The iodine (IY) levels obtained in the oils of the species studied, due to their degree of unsaturation, can be considered as drying, semi-drying and non-drying. Driers, usually, are those that have a high IY (^{Bailey, 1984}) and can be used in the production of paints and varnishes. For this purpose the oils of the species C. foetidissima, J. dioica, D. inoxia, and P. louisianica could be used since they have IY of 141.26, 113.49, 114.95 and 116.65 g I₂ 100 g^-1, respectively. The non-drying oils include A. farnesiana, B. odorata, Brassica sp., C. ficifolia, E. sativa, H. annuus, L. nepetifolia, S. molle and X. strumarium. These oils by their characteristics under normal weather conditions do not solidify. Semi-dryers can be considered A. undulata, A. mexicana, D. inoxia, J. dioica and P. louisianica, with characteristics similar to commercial oils such as sesame and corn (^{Ortega and Vázquez, 1993}).
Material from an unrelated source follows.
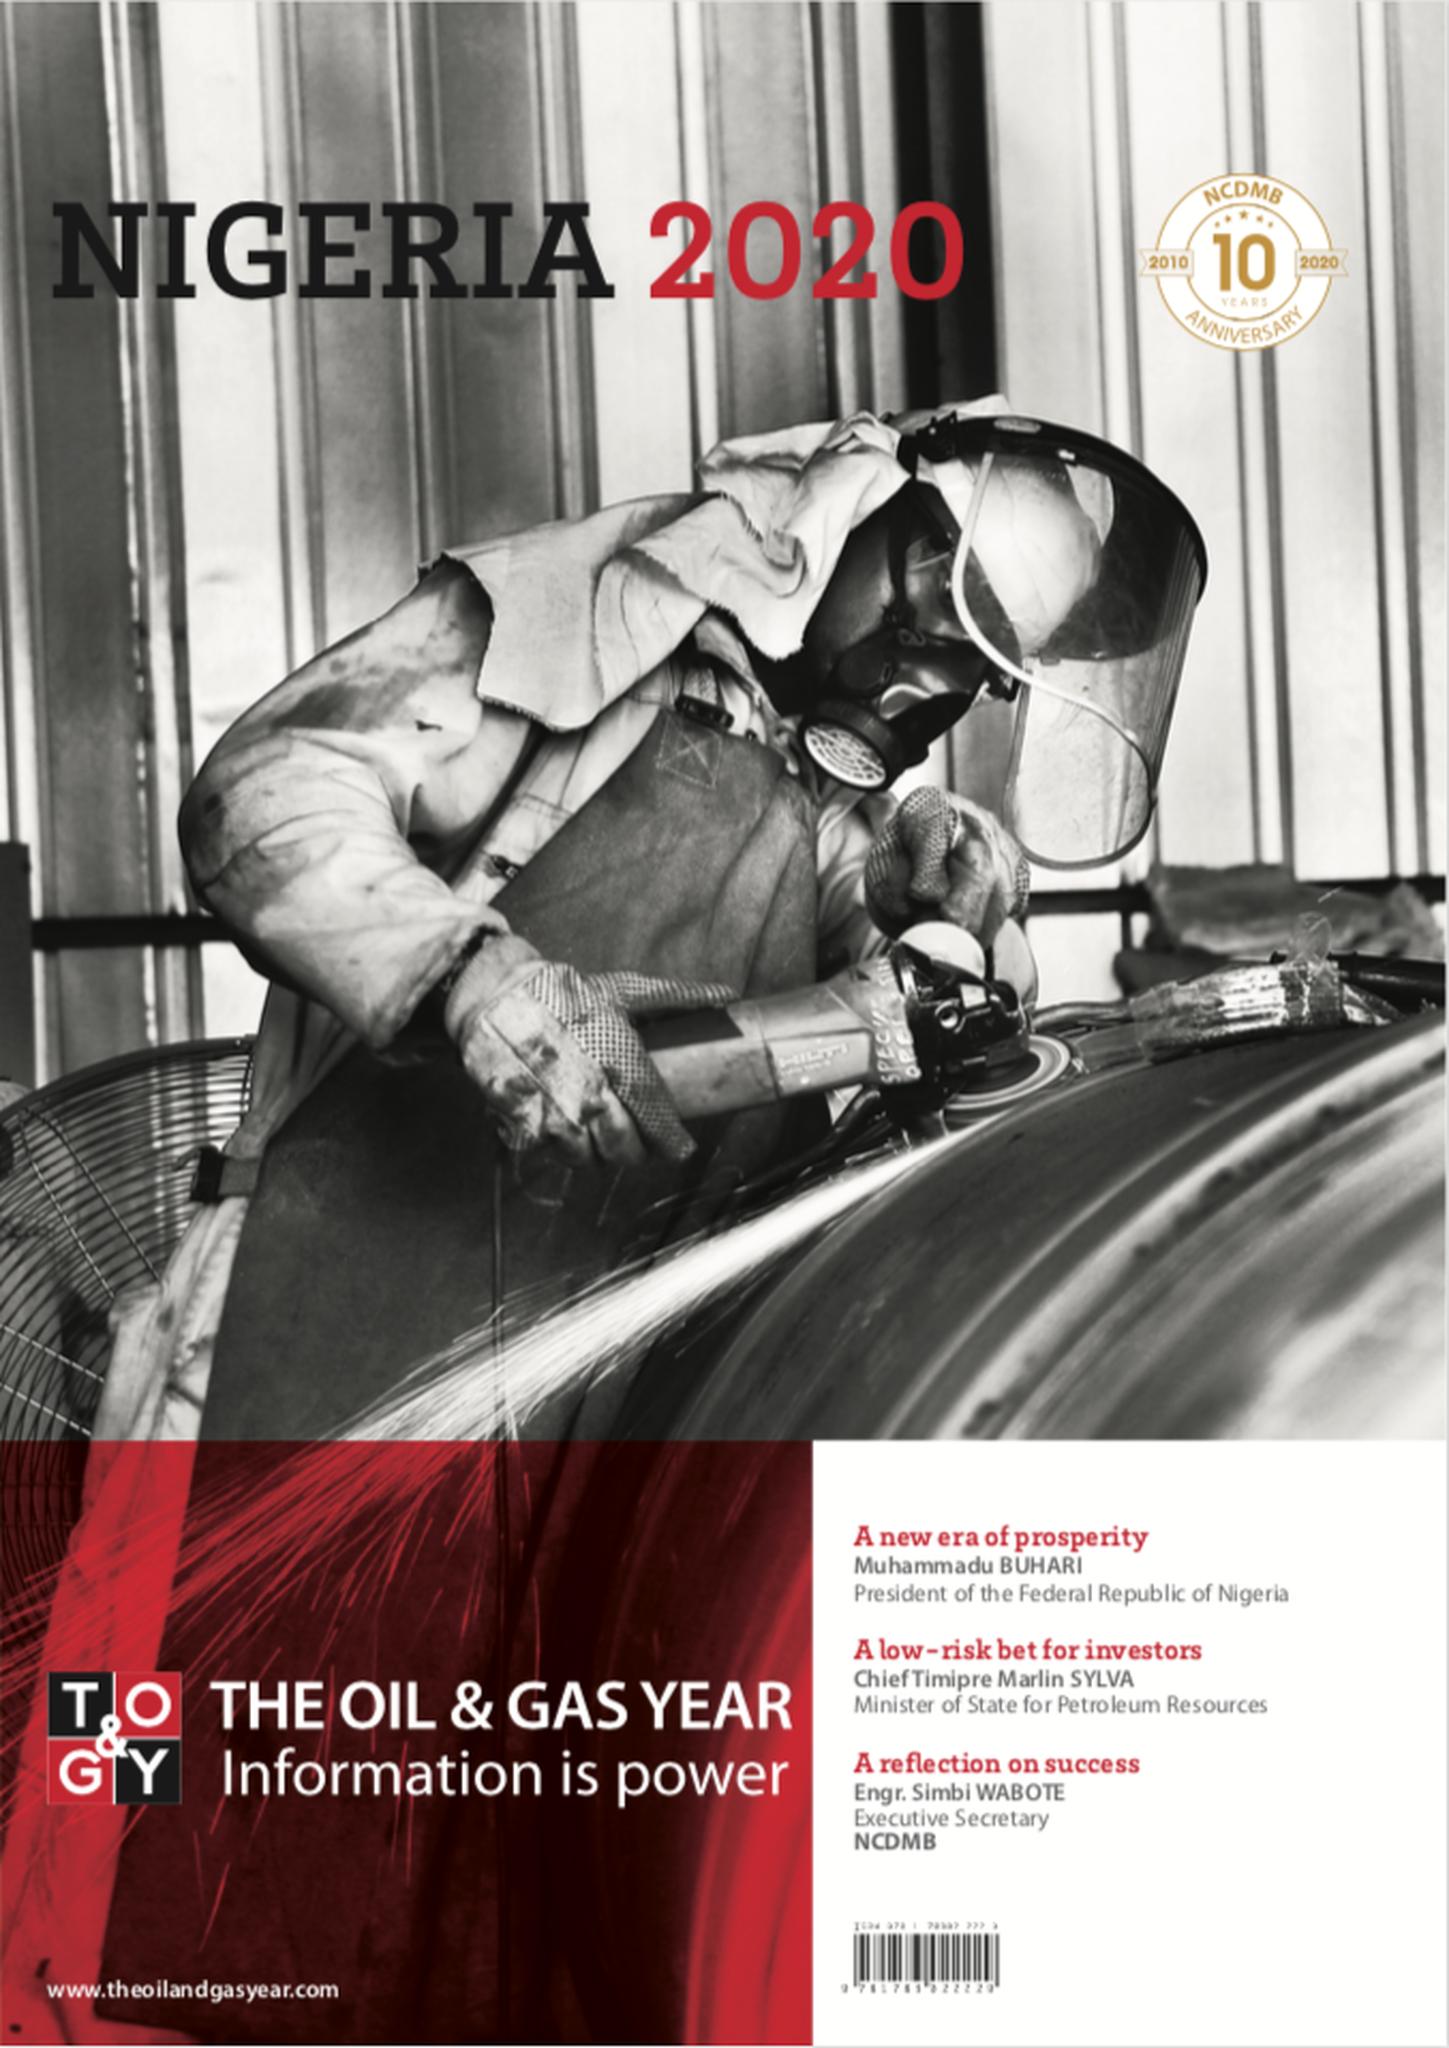 The Oil & Gas Year Nigeria 2020

Peroxides are known as compounds of the primary decomposition of the oxidation of fats and oils (^{Gómez, 2010}), so that those values of peroxide index (IP) close to 0 meq kg^-1, are related to a level of low rancidity; that is to say, they oxidize slowly allowing the oil to retain its quality for a longer time, giving them an advantage for possible later use. A high IP value indicates the presence of oxidation; in this study the oils of the majority of the vegetable species studied had an IP less than 1. According to ^{Luna-Guevara and Guerrero-Beltrán (2012)} the IP and the AI are considered indicators of quality and freshness of the oils. For African palm oil, very high peroxide values of 31.3 meq kg^-1 were obtained (^{Calderón et al., 2013}).

FTIR spectrometry

Figure 4 shows the spectrum of palmitic, oleic, linoleic and linolenic fatty acid standards, determined. In this way, the purity pattern of the standards was confirmed and allowed to compare them with the oil samples of the species studied. It is observed, for example, that the palmitic one expresses in the fingerprint seven peaks located in the region 1 187-1 319 cm^-1 that differentiate it from the other fatty acids which did not present those characteristic peaks.

Figure 4 Infrared spectrum of fatty acids used as a standard. 

According to the spectrum of fatty acids and by comparison, the fatty acids present in each of the species studied were detected. Table 3 shows a predominance of oleic and palmitic acids in most species. In the case of C. foetidissima, A. undulata and J. dioica, linoleic and linolenic acids were recorded, which are important in the diet since the body does not synthesize them, which gives them a greater added value for possible use as edible oils (^{Koolman and Röhm, 2004}).

It is worth mentioning that oleic fatty acid (monounsaturated), besides being one of the main components of the main edible oils, can contribute to reduce the levels of glucose and cholesterol in the blood, as well as reduce the risk of cardiovascular diseases and obesity (^{Luna-Guevara and Guerrero-Beltrán, 2012}).